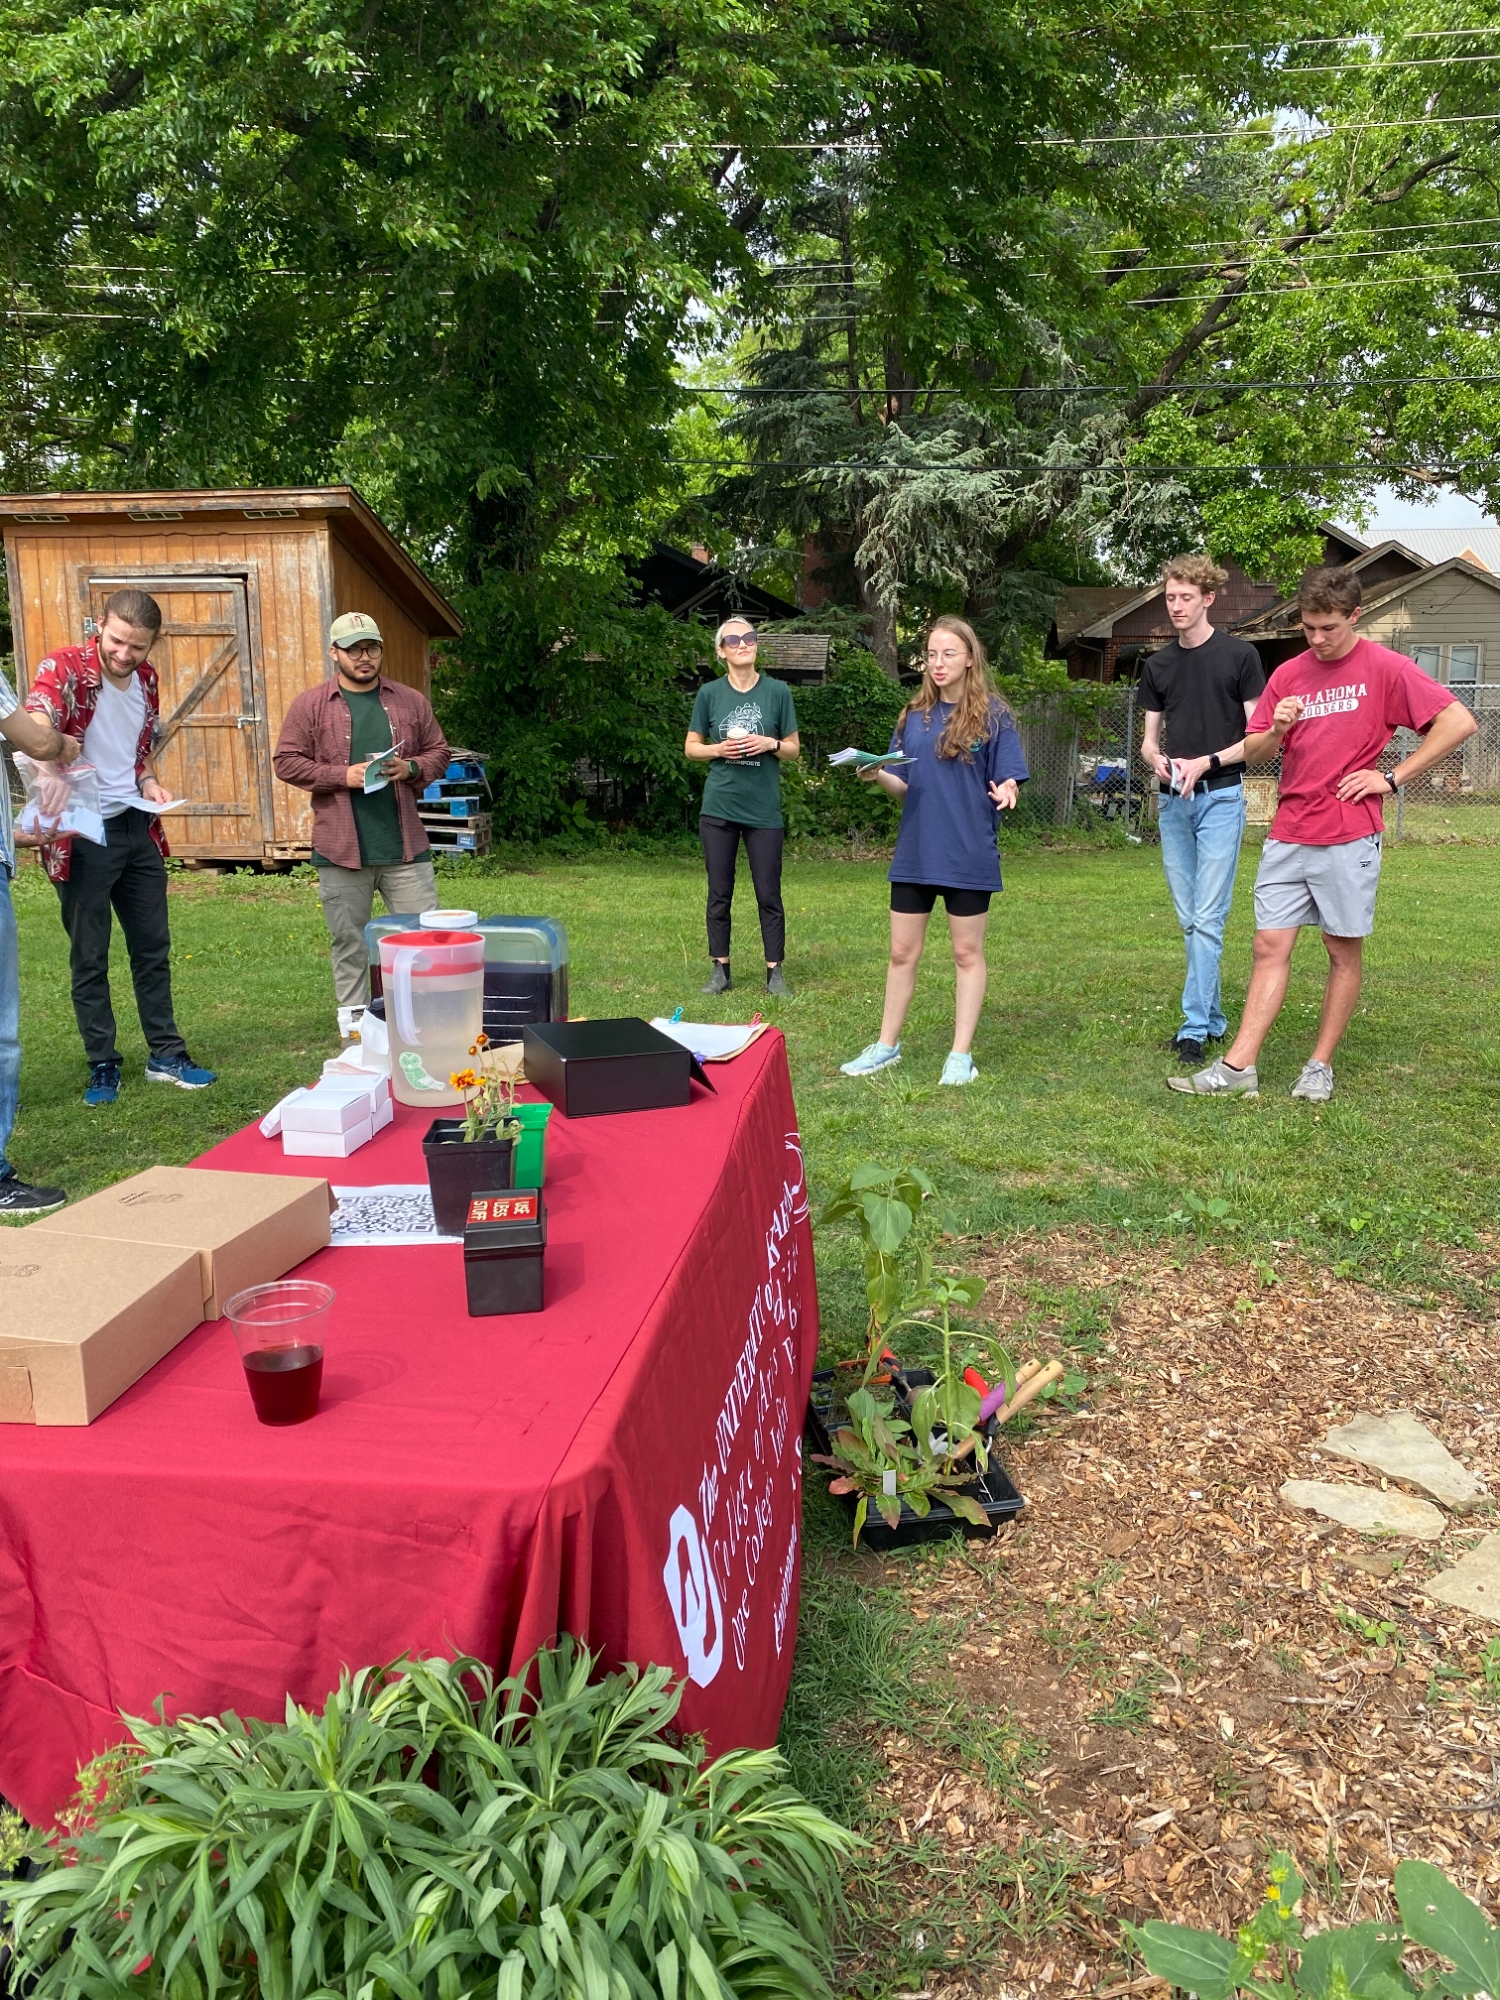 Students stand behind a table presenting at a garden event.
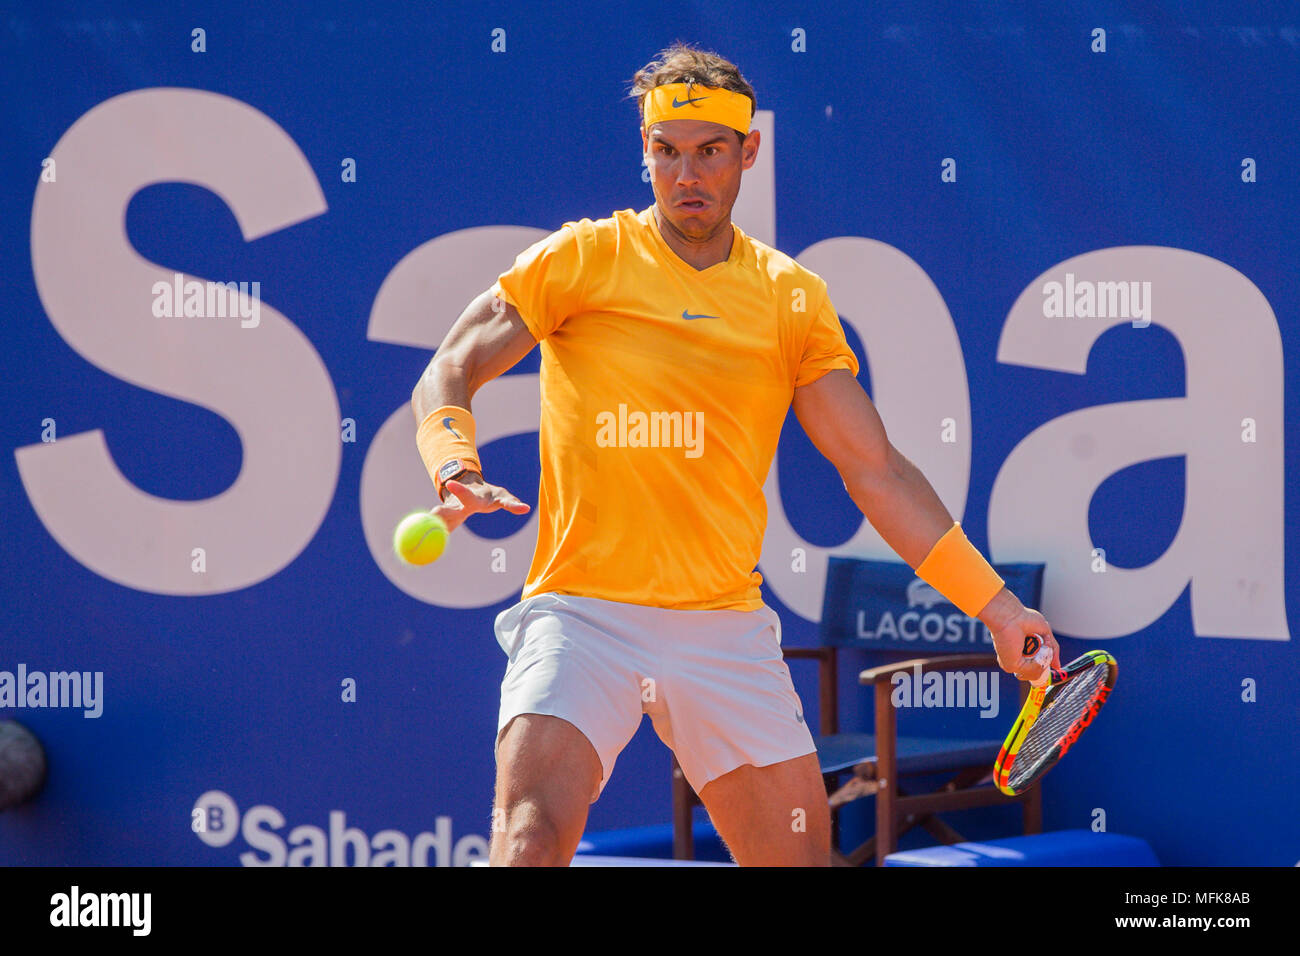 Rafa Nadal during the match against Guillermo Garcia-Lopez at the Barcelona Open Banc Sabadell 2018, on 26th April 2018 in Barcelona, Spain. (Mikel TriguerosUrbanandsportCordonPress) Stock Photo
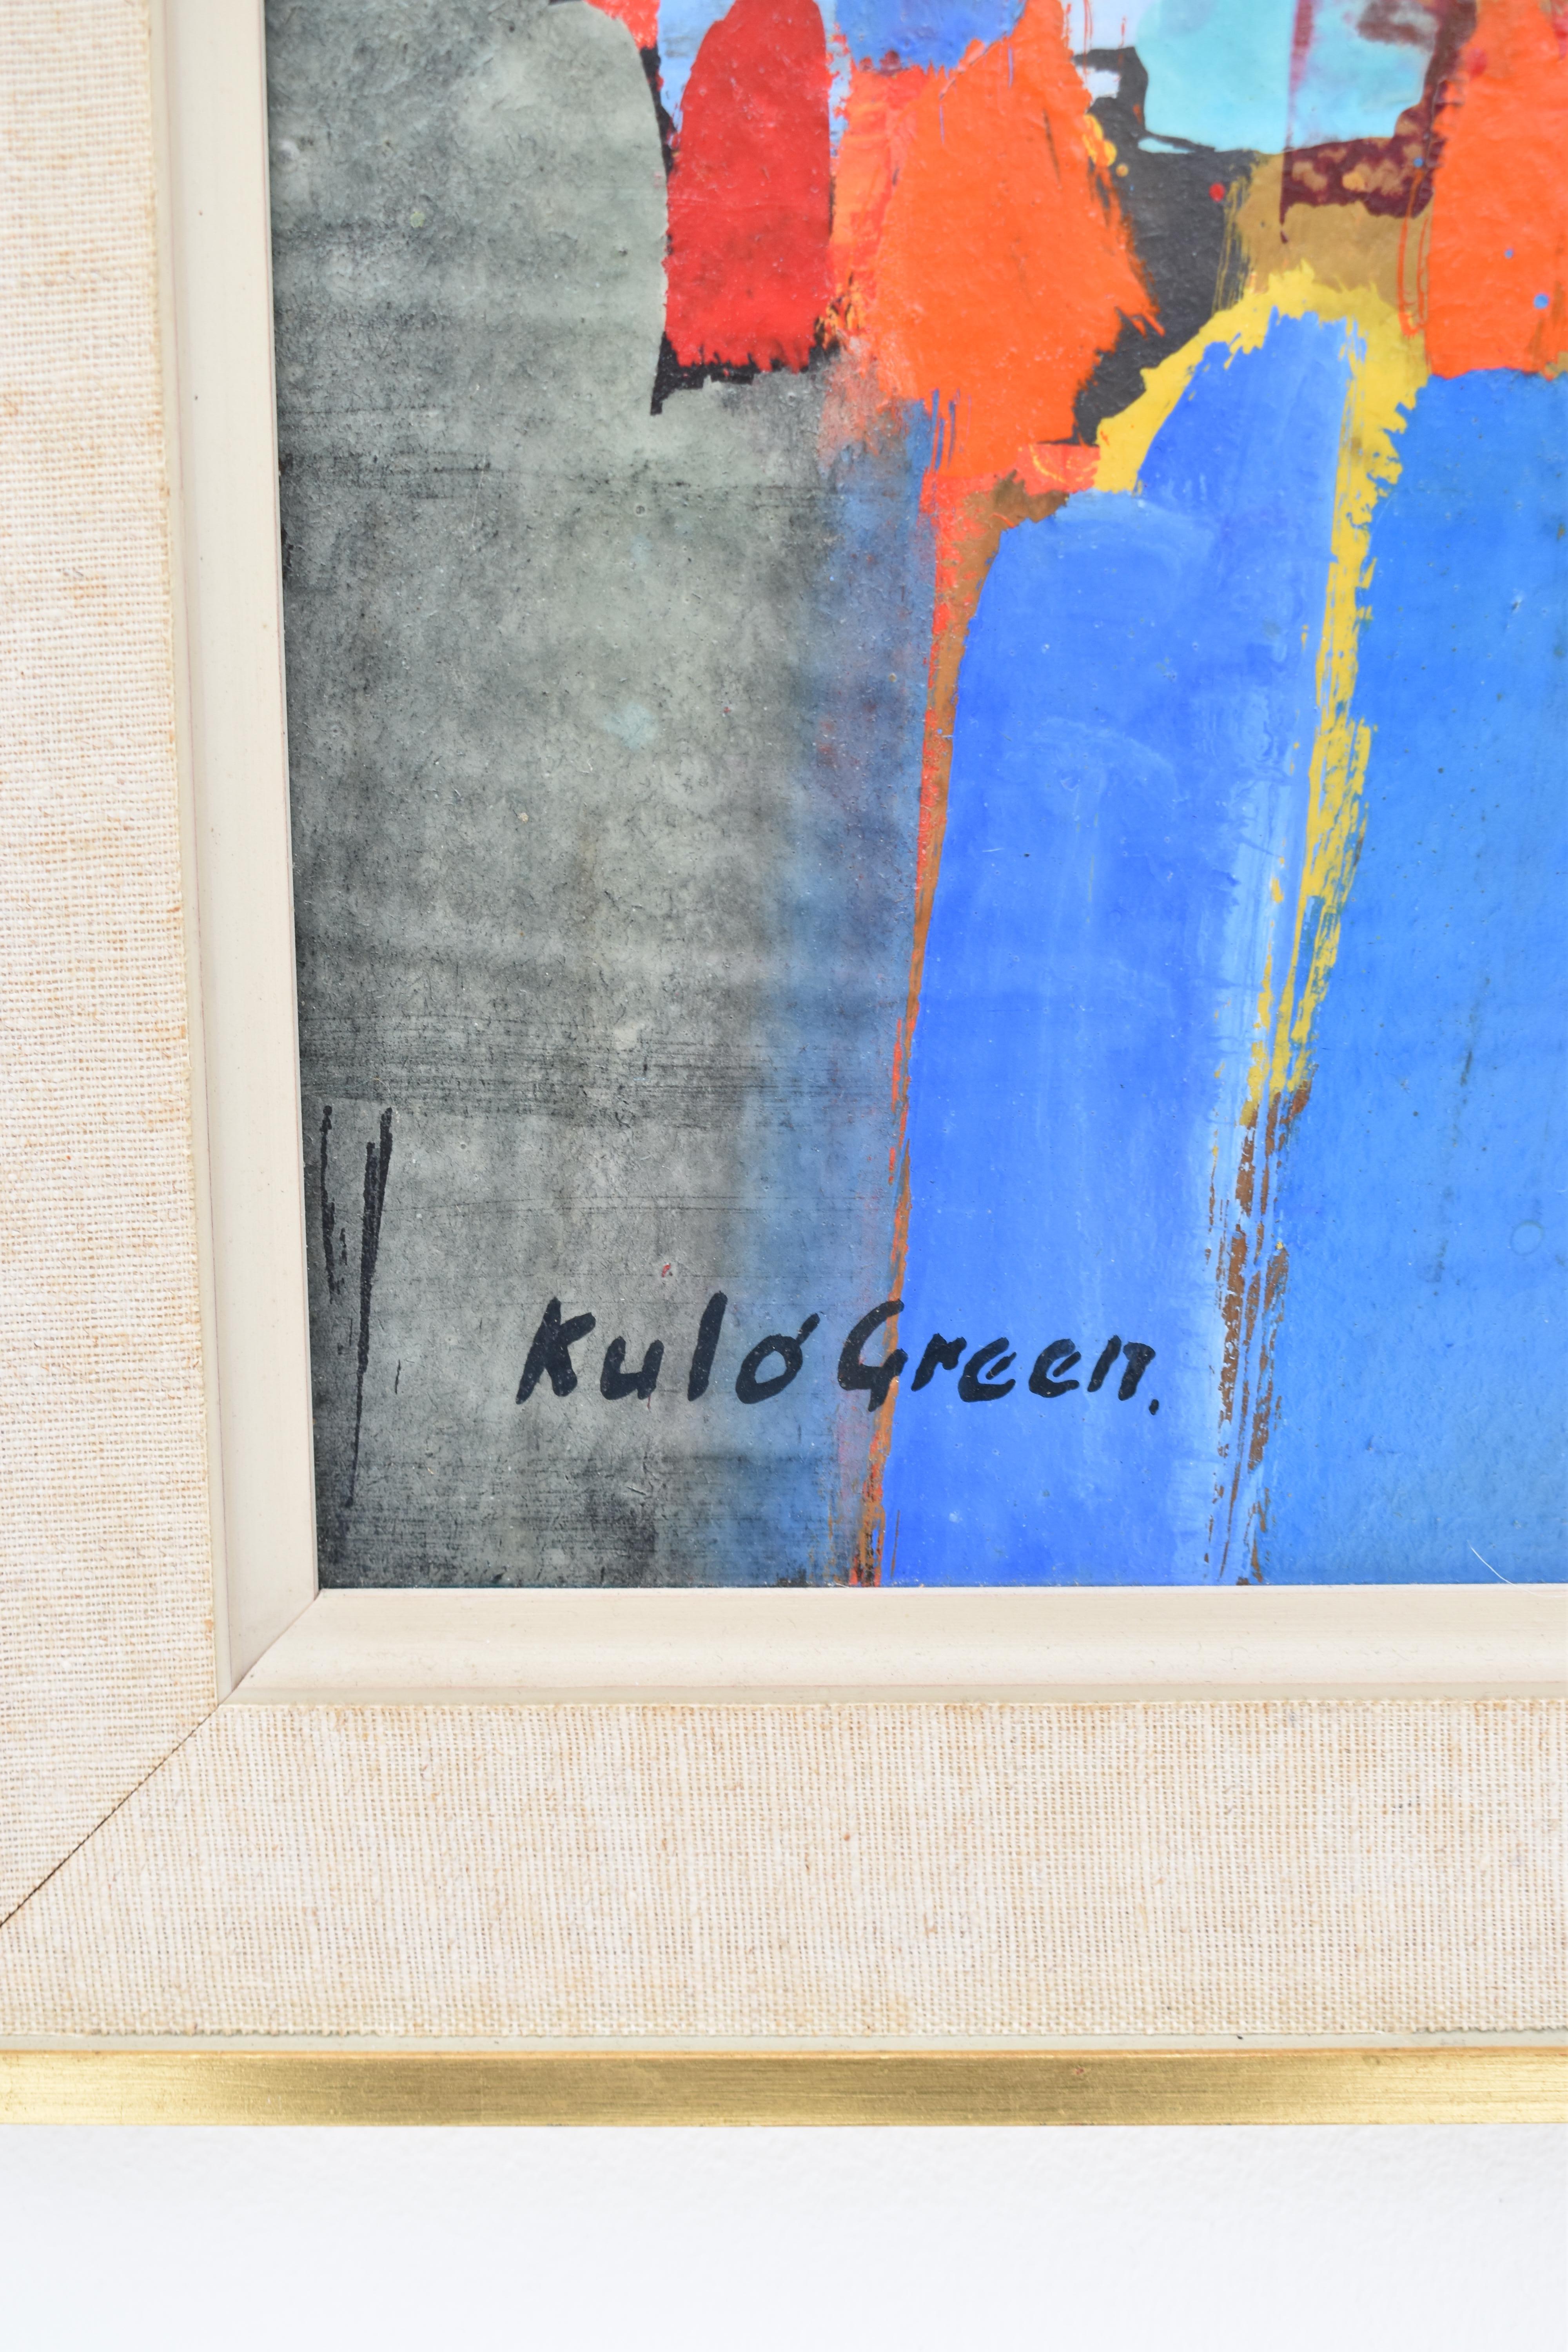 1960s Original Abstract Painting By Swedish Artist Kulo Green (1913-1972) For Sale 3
══════════════════════════════
**PROBLEM TO SOLVE:** Any images must be left out; transcribe the rest of the material exactly.

**EXERCISE SOLUTION:**
 Students stand behind a table presenting at a garden event.
 Rafa Nadal during the match against Guillermo Garcia-Lopez at the Barcelona Open Banc Sabadell 2018, on 26th April 2018 in Barcelona, Spain. (Mikel TriguerosUrbanandsportCordonPress) Stock Photo
 1960s Original Abstract Painting By Swedish Artist Kulo Green (1913-1972) For Sale 3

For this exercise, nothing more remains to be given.